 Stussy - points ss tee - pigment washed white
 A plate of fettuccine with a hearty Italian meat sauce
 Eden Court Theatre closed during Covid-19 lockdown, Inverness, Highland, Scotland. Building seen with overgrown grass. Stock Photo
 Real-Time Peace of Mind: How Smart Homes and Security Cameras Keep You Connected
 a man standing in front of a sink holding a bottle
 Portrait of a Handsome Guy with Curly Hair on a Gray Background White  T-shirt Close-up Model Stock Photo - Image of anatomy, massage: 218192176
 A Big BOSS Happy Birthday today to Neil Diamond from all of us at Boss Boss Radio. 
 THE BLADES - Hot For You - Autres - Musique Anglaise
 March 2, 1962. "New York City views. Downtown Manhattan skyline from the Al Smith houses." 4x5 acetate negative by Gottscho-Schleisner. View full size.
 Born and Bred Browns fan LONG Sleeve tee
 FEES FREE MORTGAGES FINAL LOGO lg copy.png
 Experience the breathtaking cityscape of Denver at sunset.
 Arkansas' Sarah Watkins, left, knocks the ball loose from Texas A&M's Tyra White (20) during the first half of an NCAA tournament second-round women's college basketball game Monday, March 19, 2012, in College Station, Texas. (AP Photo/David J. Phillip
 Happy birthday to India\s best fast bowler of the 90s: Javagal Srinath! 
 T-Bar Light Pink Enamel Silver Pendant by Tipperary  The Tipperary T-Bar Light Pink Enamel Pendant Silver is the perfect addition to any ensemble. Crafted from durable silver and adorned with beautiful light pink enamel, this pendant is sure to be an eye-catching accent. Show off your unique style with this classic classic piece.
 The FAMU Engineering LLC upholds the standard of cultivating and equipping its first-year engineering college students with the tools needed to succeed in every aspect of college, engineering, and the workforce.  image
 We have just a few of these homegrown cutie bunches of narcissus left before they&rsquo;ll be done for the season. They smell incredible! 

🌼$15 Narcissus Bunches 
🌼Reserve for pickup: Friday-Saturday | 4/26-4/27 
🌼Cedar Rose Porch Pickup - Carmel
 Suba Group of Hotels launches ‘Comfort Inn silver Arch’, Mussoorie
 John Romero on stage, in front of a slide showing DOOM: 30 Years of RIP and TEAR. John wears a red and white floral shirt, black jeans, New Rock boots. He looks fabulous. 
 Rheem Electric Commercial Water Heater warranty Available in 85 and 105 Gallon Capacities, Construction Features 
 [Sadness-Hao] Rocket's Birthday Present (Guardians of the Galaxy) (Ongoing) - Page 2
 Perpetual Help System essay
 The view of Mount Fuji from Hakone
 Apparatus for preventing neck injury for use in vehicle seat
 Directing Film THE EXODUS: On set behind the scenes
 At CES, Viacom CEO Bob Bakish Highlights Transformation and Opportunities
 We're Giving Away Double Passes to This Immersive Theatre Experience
+ + + + + + +
WHAT YOU NEED TO DO:
Would you retype the lines above from the one with "Suba Group of" down to the one with "Perpetual Help System essay", word for word, both ends included and no other lines?

THE ANSWER:
 Suba Group of Hotels launches ‘Comfort Inn silver Arch’, Mussoorie
 John Romero on stage, in front of a slide showing DOOM: 30 Years of RIP and TEAR. John wears a red and white floral shirt, black jeans, New Rock boots. He looks fabulous. 
 Rheem Electric Commercial Water Heater warranty Available in 85 and 105 Gallon Capacities, Construction Features 
 [Sadness-Hao] Rocket's Birthday Present (Guardians of the Galaxy) (Ongoing) - Page 2
 Perpetual Help System essay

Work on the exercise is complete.